Before looking at Wriothesley’s connections with Christchurch, it is necessary to be aware of a few key events and dates.  At the end of November 1539 Christchurch Priory was closed down and its site together with all of its numerous properties elsewhere were all surrendered to the Crown.  In their letter to Thomas Cromwell the five commissioners wrote: “In the church was a chapel …prepared by the late mother of Reginald Pole for her burial …”.     This, of course, refers to the magnificent Salisbury Chantry which is always admired by visitors to the Priory Church.  Margaret Pole (née Plantagenet) had been created Countess of Salisbury in 1513 and was granted her ancestors’ Salisbury estates which included Christchurch and Ringwood.  In the second week of November 1538 she was arrested at her home near Emsworth by Sir William Fitzwilliam and taken to his home at Midhurst for further questioning before being transferred to the Tower of London where she was to spend the rest of her life.  When Parliament met in May 1539 she was attained as an “abominable traitor” without having had a trial and all of her possessions were forfeited to the Crown.  On 27th May 1541 at the age of sixty-seven she was executed within the precincts of the Tower.  According to a letter written a few days later by the Imperial Ambassador, Eustace Chapuys, the executioner was a novice axe man who “hacked her head and shoulders to pieces in the most pitiful manner”. 

It was not long before King Henry started leasing the lands of Christchurch Priory and the Countess of Salisbury to others with Wriothesley obtaining property from both sources. 

On 22nd February 1540 Wriothesley was granted a twenty-one-year lease of the fishery on the Rivers Avon and Stour, which had belonged to the Countess of Salisbury, for which he had to pay an annual rent of thirty shillings.  The fishery was defined as being from the stream called Stour Weir and Wild Weir to the sea coast.  The stream must be the Mill Stream with Wild Weir being at the northern end and Stour Weir at Place Mill.    Evidence shows that an estate map of circa 1715 marked a weir named Wild Weir on the River Avon where the Mill stream leaves the river. 

A year later on 24th February 1541 he was granted the posts of steward of the manors of Ringwood and Christchurch, Steward of the Court, Constable of Christchurch Castle, Bailiff of the Hundred of Christchurch and keeper of Stourfield Chase and its deer.  For all of these posts he was to receive annual fees totalling £18.0s.10d.  Because of his duties at court, Wriothesley would not have been able to do these jobs in person so he would have appointed a deputy. 

When Christchurch Priory was closed down there were twenty-one people receiving either annuities or corrodes from the Priory’s funds, one of whom was Wriothesley and these continued to be paid during the year ending at Michaelmas 1540. 

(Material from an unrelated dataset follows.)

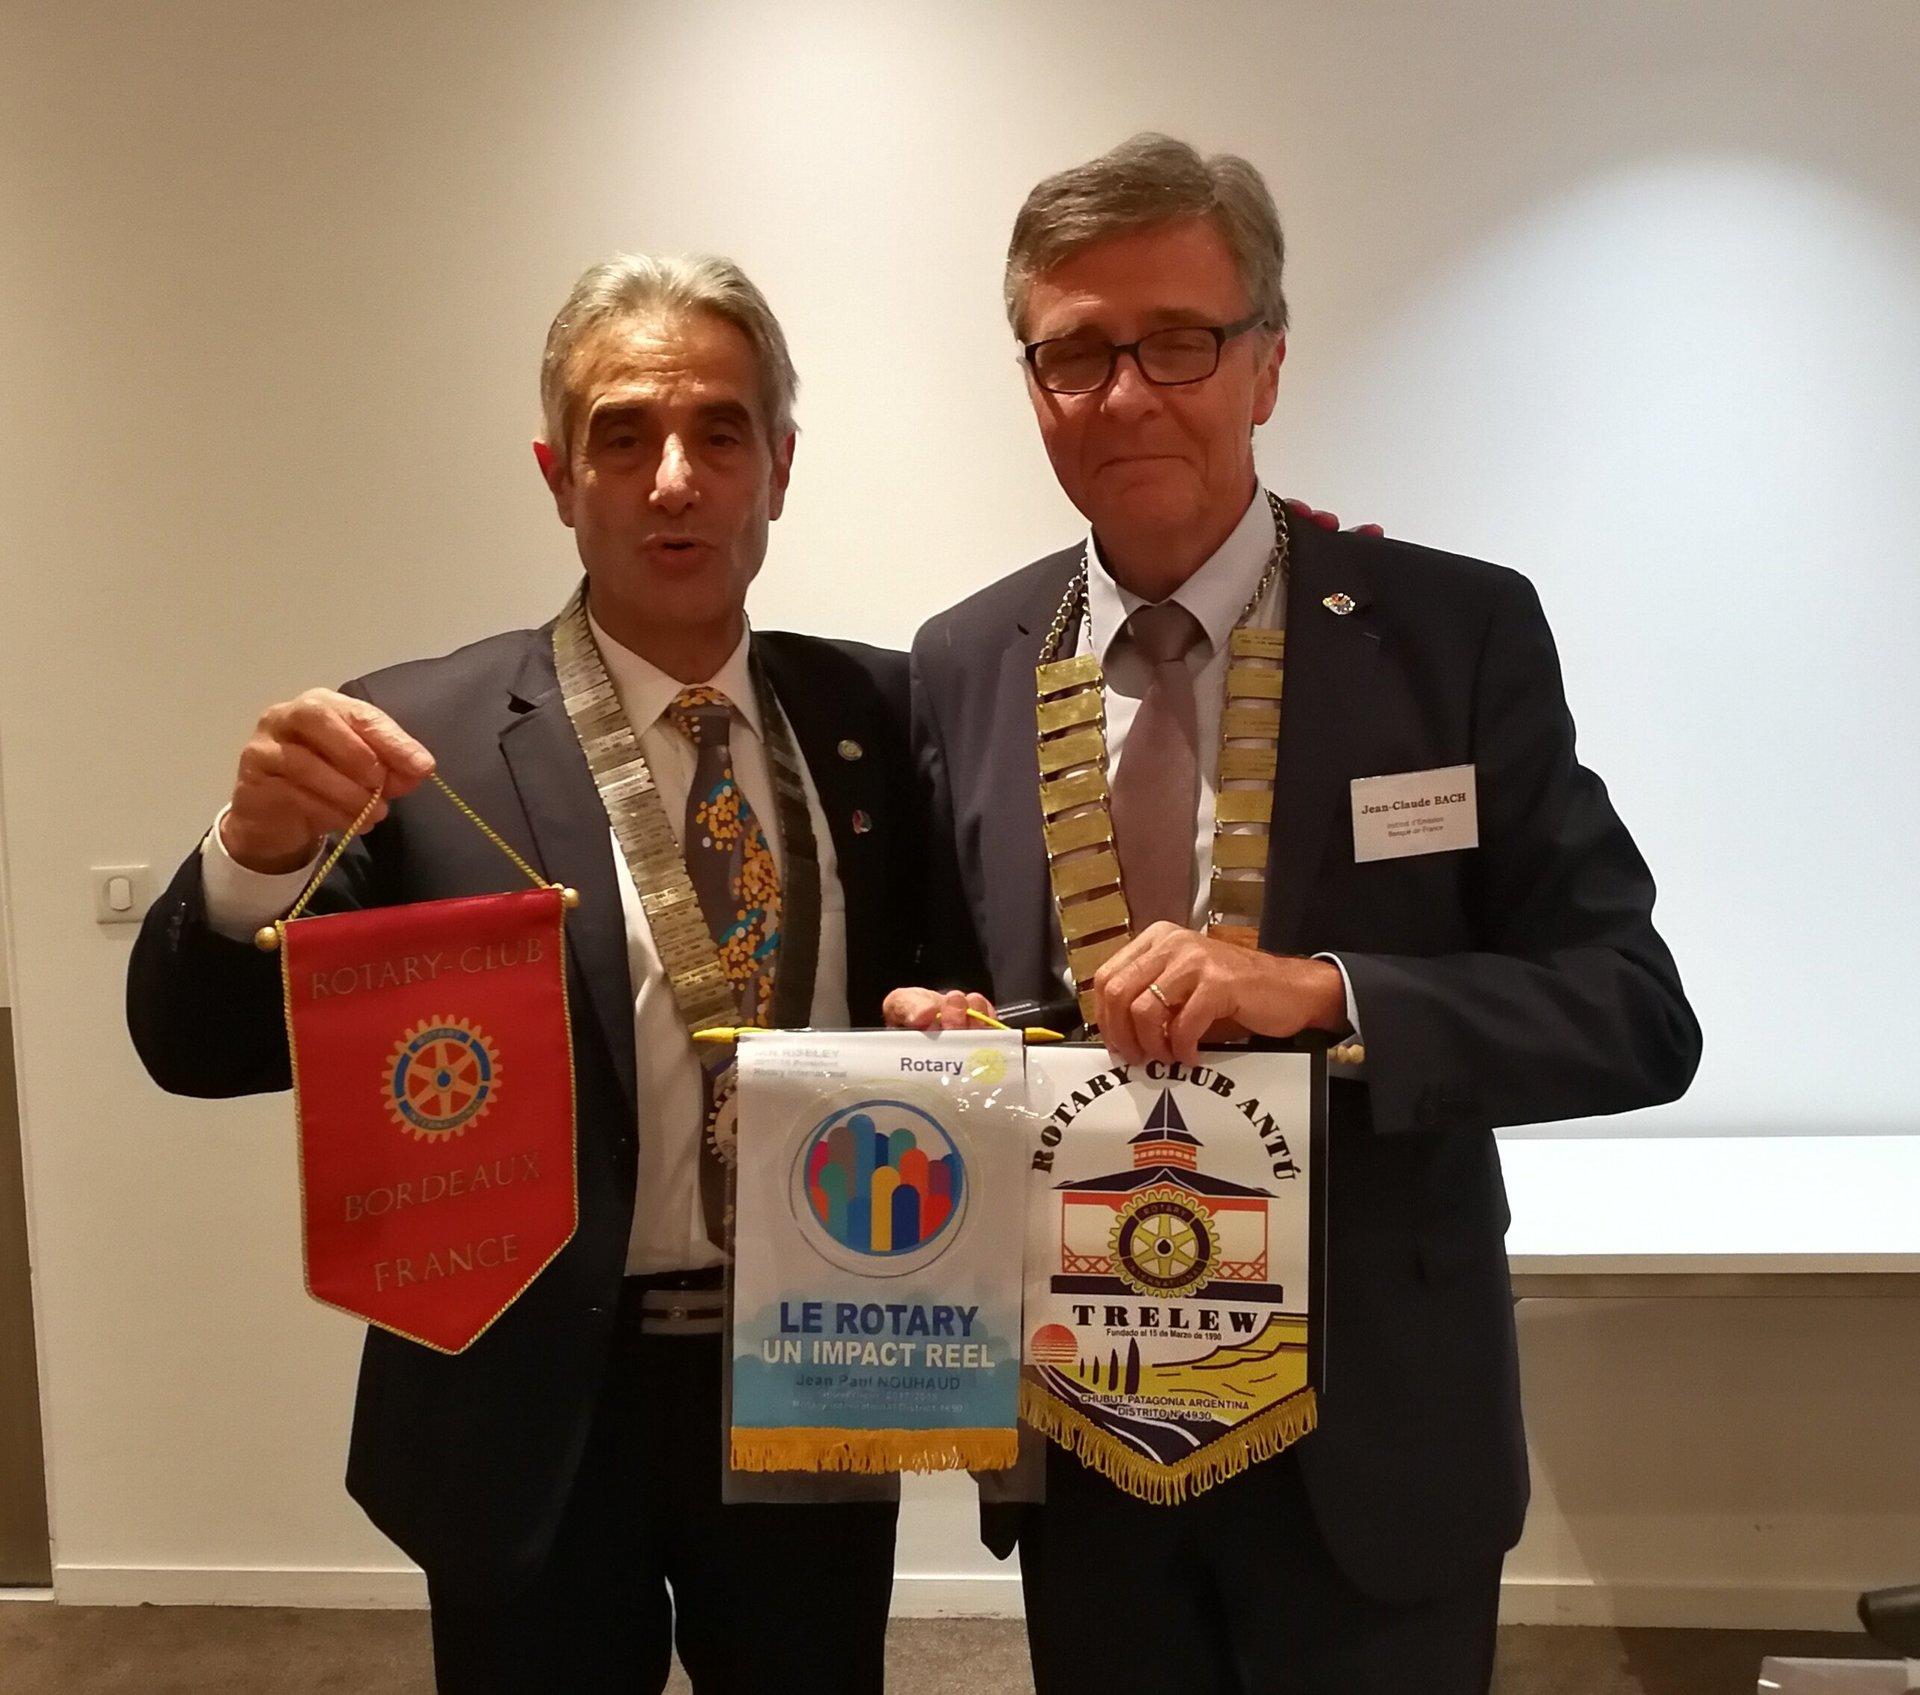 Rotary Club Bordeaux - District 1690 : Jean-Paul NOUHAUD - Jean-Claude BACH
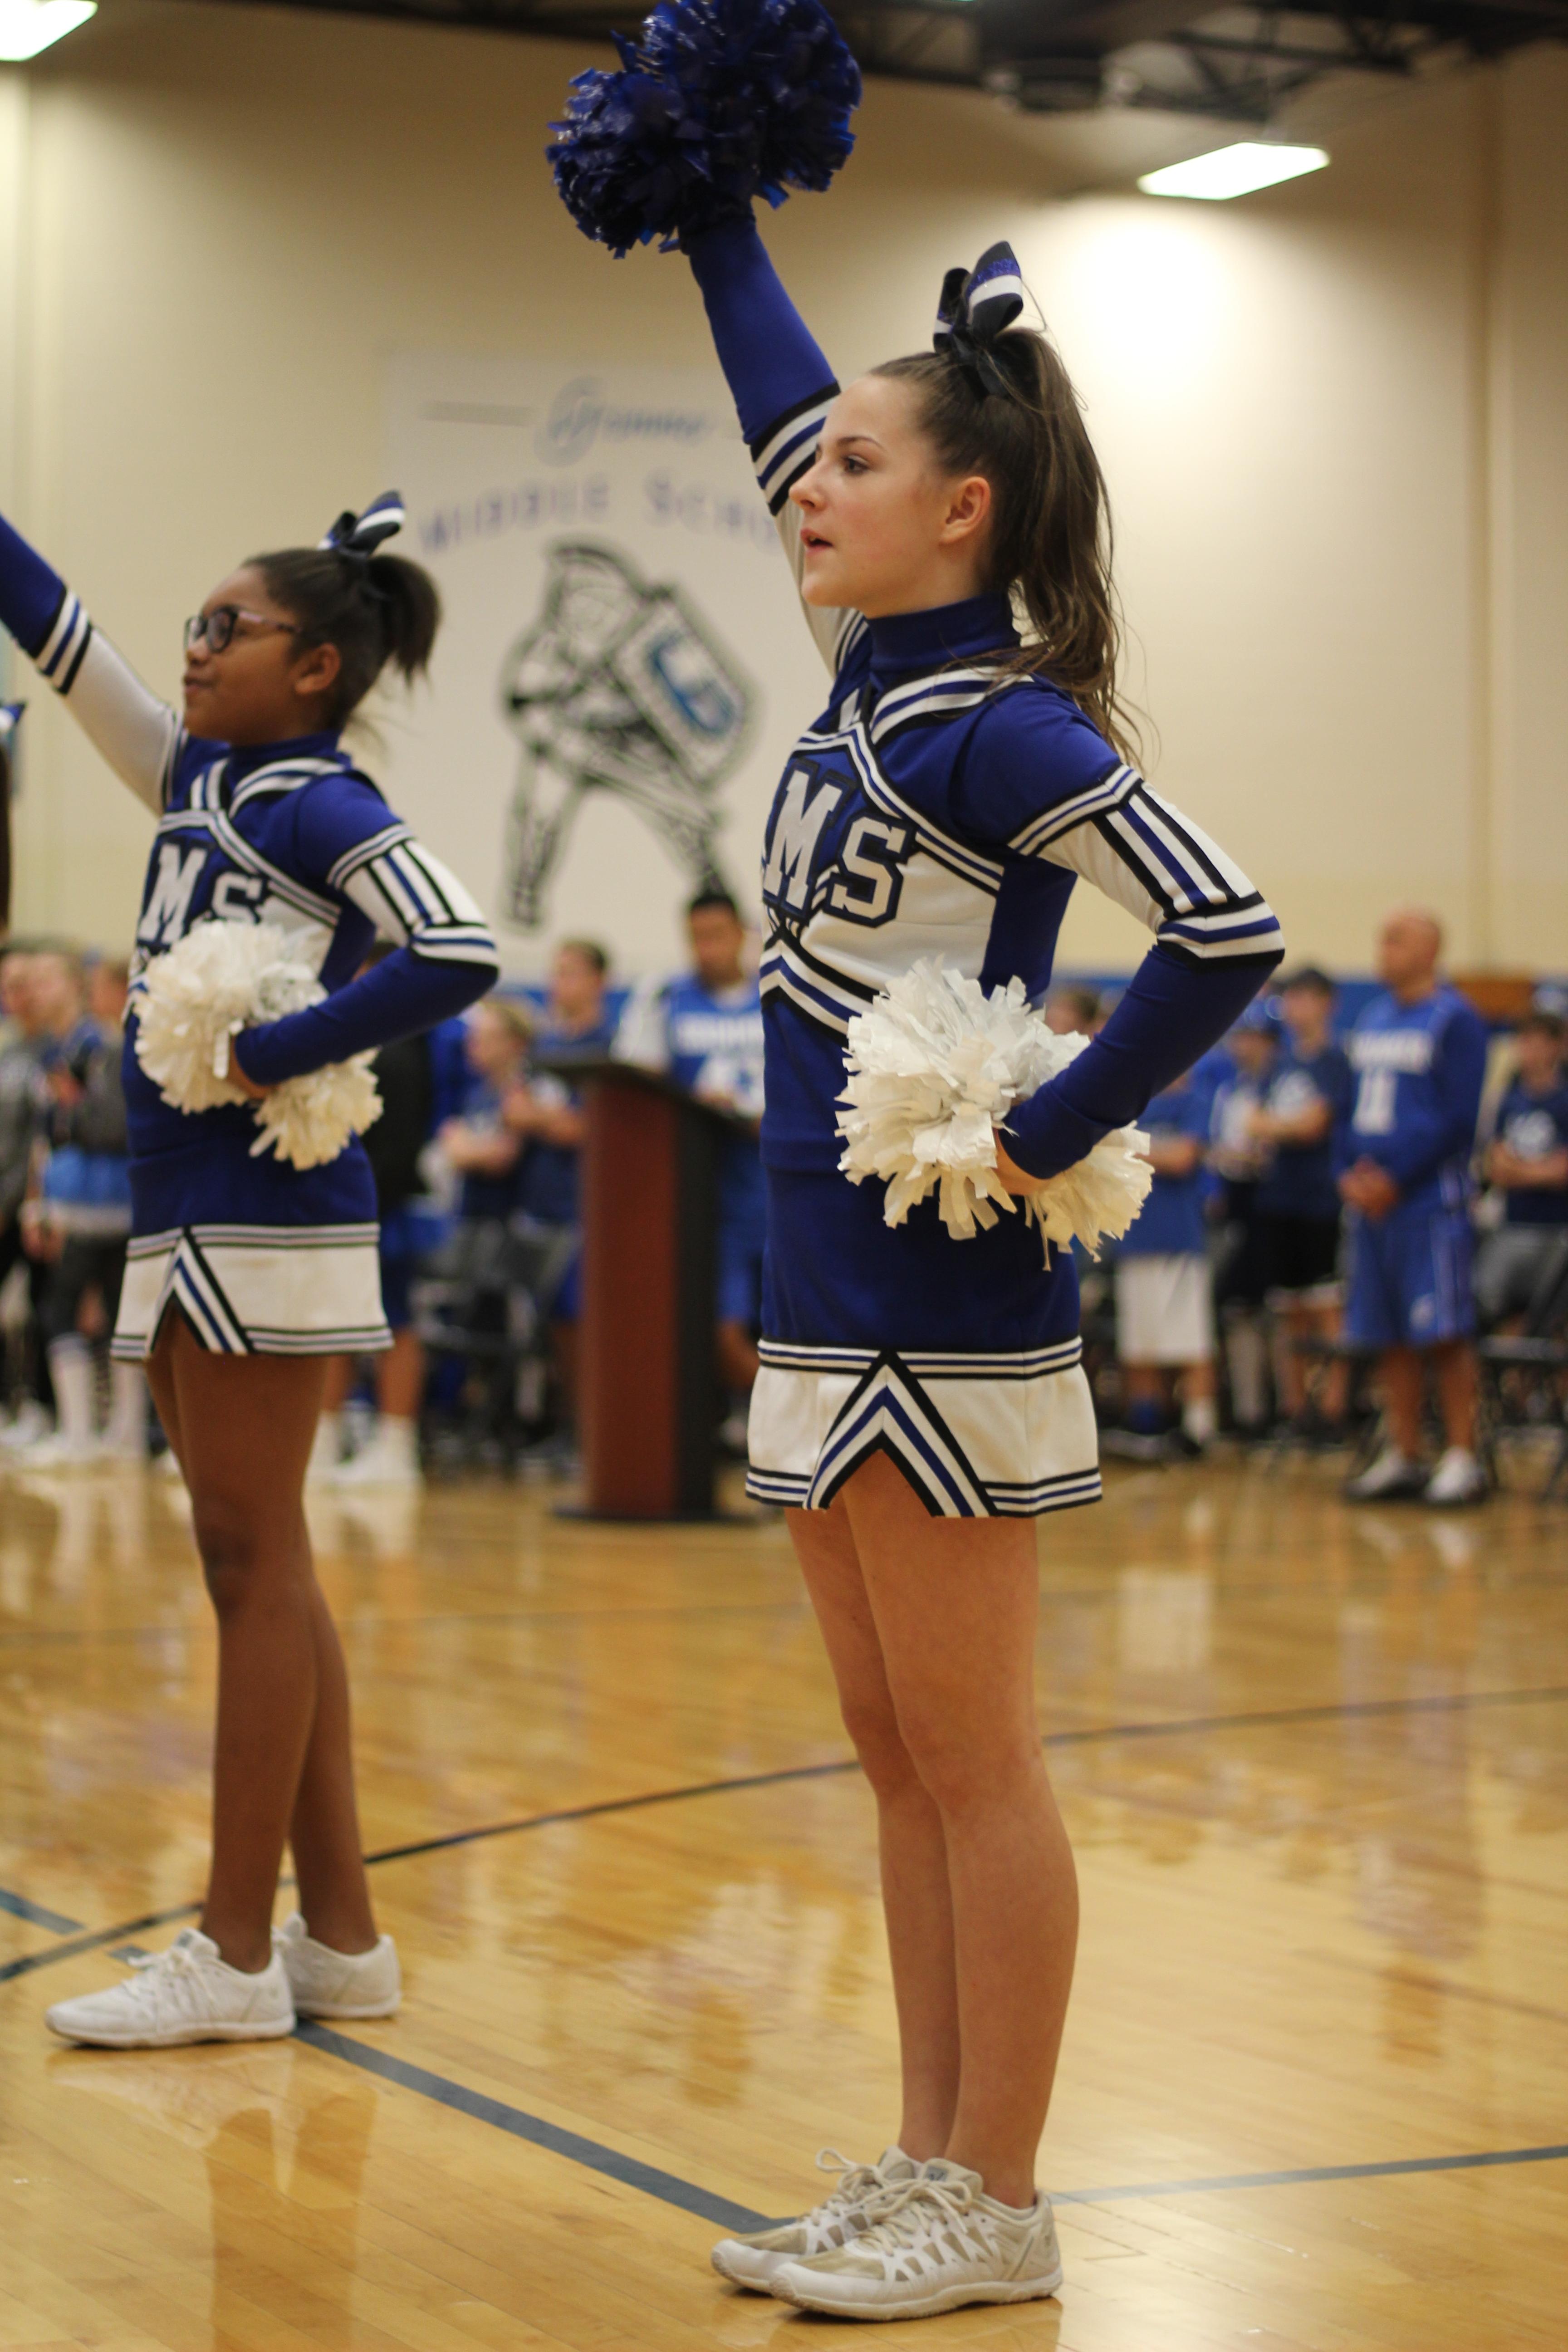 Cheerleader preforms at pep rally

On 1st March 1540 Wriothesley and William Avery were granted for twenty-one years the Manor of Hurn together with the late Priory’s tithes in Christchurch, Hinton, Sopley, Ripley and Milton.  The wording in the calendared version of this document gives the impression that this grant could have included the site of Christchurch Priory.  It seems as though William Avery could have died in 1545 as on 12th July of that year Wriothesley was granted for life the site of Christchurch Priory together with the new house, called Church House, the demesne lands, a fishery on the River Avon and River Stour and other lands belonging to the late Priory within the Parish.  Unfortunately these last two documents are greatly abbreviated in their published calendared form so a lot of detail is missing including the annual rents.  However, documents in the Patent Rolls dated November 1547 and July 1557 give more details including the names of the pastures for which a yearly rent of £73.12s.2d was paid.  The new house in the 1545 grant probably means the Prior’s House which from the description given in the Victoria County History was an imposing building at the time of the dissolution and was ordered to be retained.  The site of the Priory would not have included the church and churchyard as in October 1540 these were granted to the churchwardens and inhabitants of Christchurch as their Parish Church.